Le maigre. Je m’en fous.
L’épais. Pourquoi, tu as peur?
Le maigre. Oui, j’ai peur. »
« Il se passe quelque chose »
L’épais (Arnaud Gélis) offrira une cigarette au maigre (Philipe Poli). Bouffée de fraternité entre deux esseulés. Pendant ce temps, dans la cabine téléphonique, la blonde (Mireille Dejean) dit avoir eu le pressentiment de la mort de l’être qu’elle aimait. Trois vies à la manque. Les autres ne vont pas tarder à suivre, du même acabit.

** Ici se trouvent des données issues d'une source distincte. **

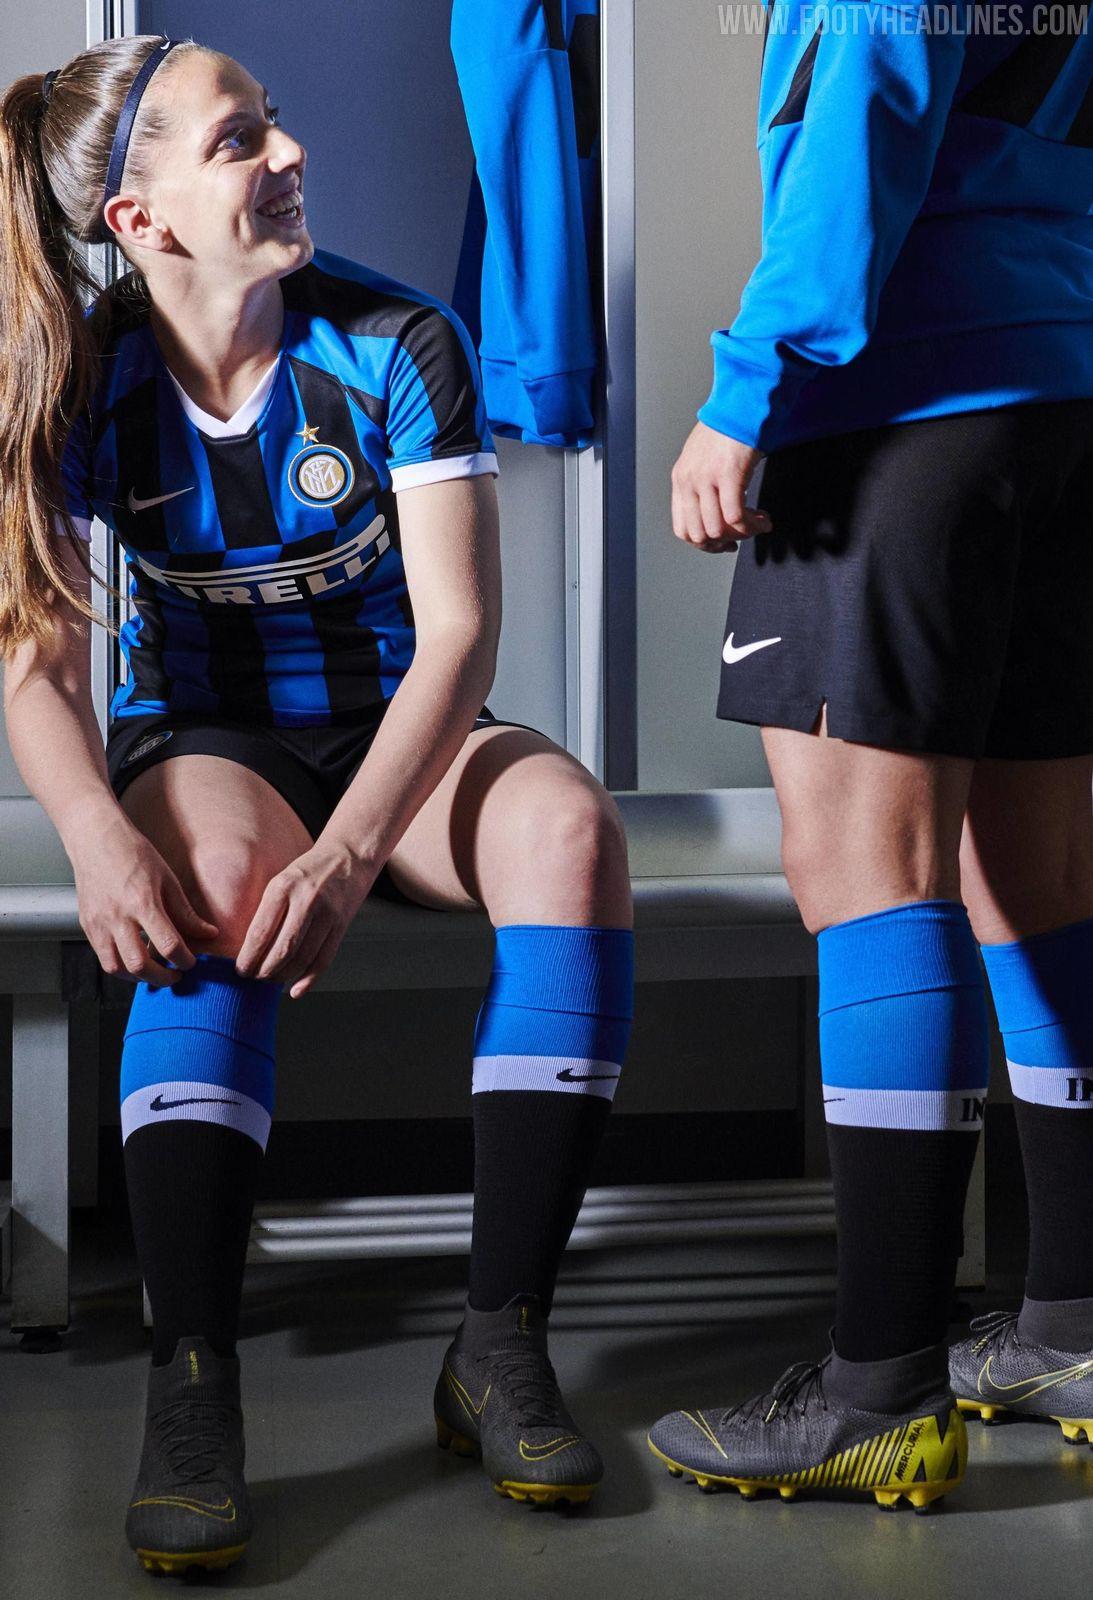 Wallpapers HD Inter Milan | 2020 Football Wallpaper  |Inter Milan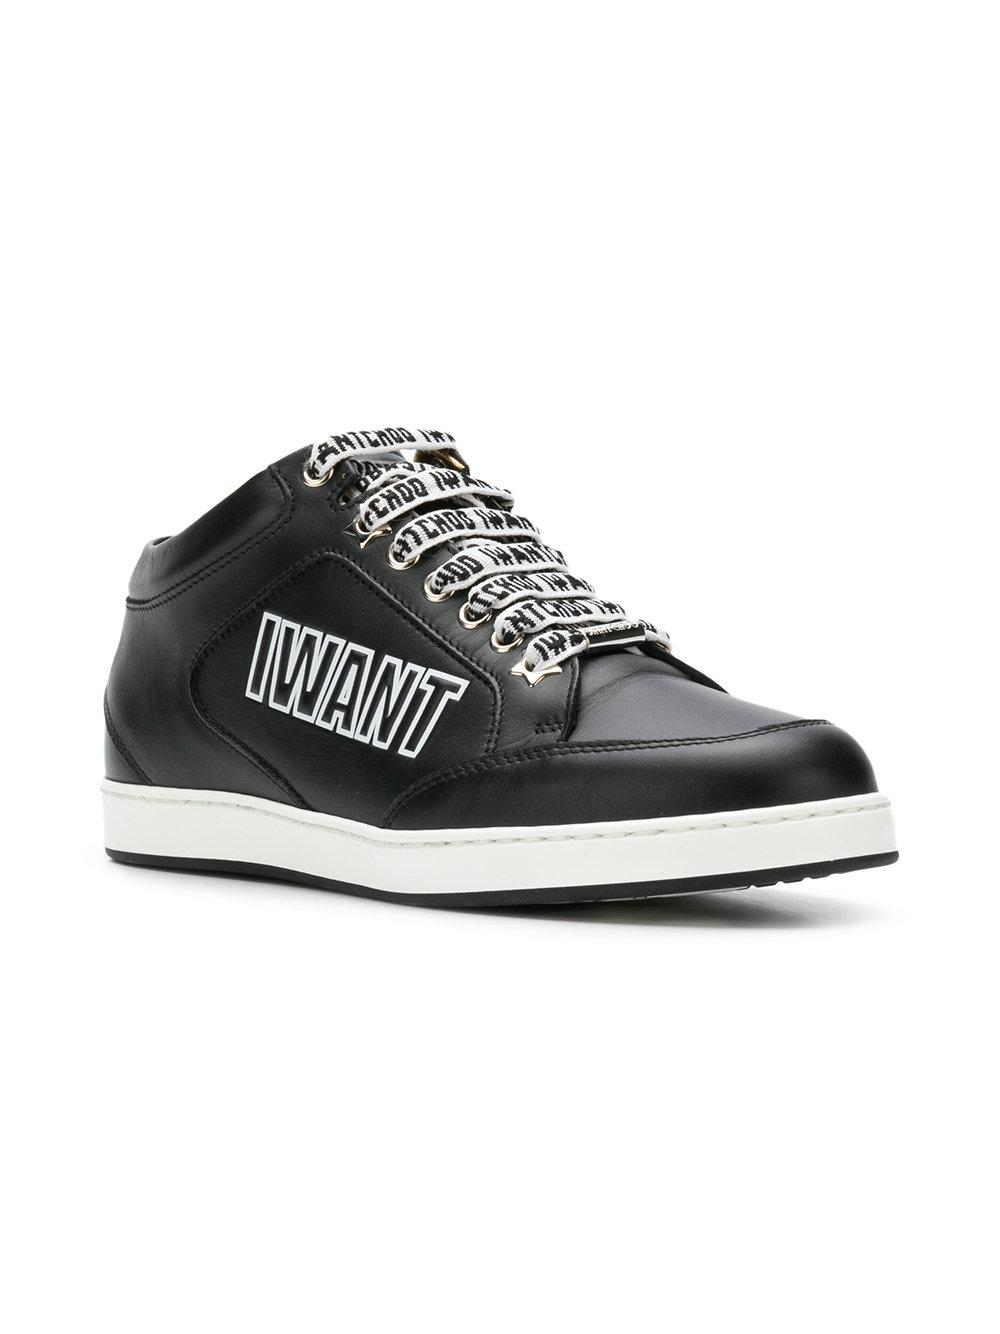 b779180e44d8 Lyst - Jimmy Choo Miami Sneakers in Black - Save 18%

Cela pourrait être la séquence d’un film. C’en est une aussi. Présentement, ce sont les premiers pas d’un spectacle errant, Huit heures ne font pas un jour où le temps semble s'étirer dans un présent sans fin et sans avenir. Un spectacle qui déambule dans les espaces (ateliers de conditionnement, de cartonnage, de cadre, salle de répétition, chai) d’un ESAT (Etablissement de service et d’aide par le travail) sur les hauteurs de Montpellier, quartier des Bouisses (au terminus du bus 11). Un spectacle interprété par la troupe permanente de La Bulle bleue de Montpellier, composée de comédiens « en situation de handicap », l’un des six ESAT-théâtre que compte la France, le plus ancien étant probablement celui de l’Oiseau Mouche (lire ici) et le plus récent (2012) celui de la Bulle bleue, mais chaque aventure a sa propre identité. Une mise en scène d'Evelyne Didi d'après des textes et des films de R.W. Fassbinder ( et d'autres apports) à commencer par son (presque) premier court-métrage Le Clochard (1966), le titre du spectacle emprunte celui d'un autre films de Fassbinder.
« Si tu peux venir, viens, il se passe quelque chose », m’avait dit Didi au téléphone. Je suis le parcours de cette actrice depuis des lustres et jamais elle ne m’avait passé un tel coup de fil. Je suis venu. J’ai vu. Et le lendemain, alors que l’on déjeunait à la cantine de l’ESAT avec Bruno Geslin, je l’ai remerciée de m’avoir téléphoné.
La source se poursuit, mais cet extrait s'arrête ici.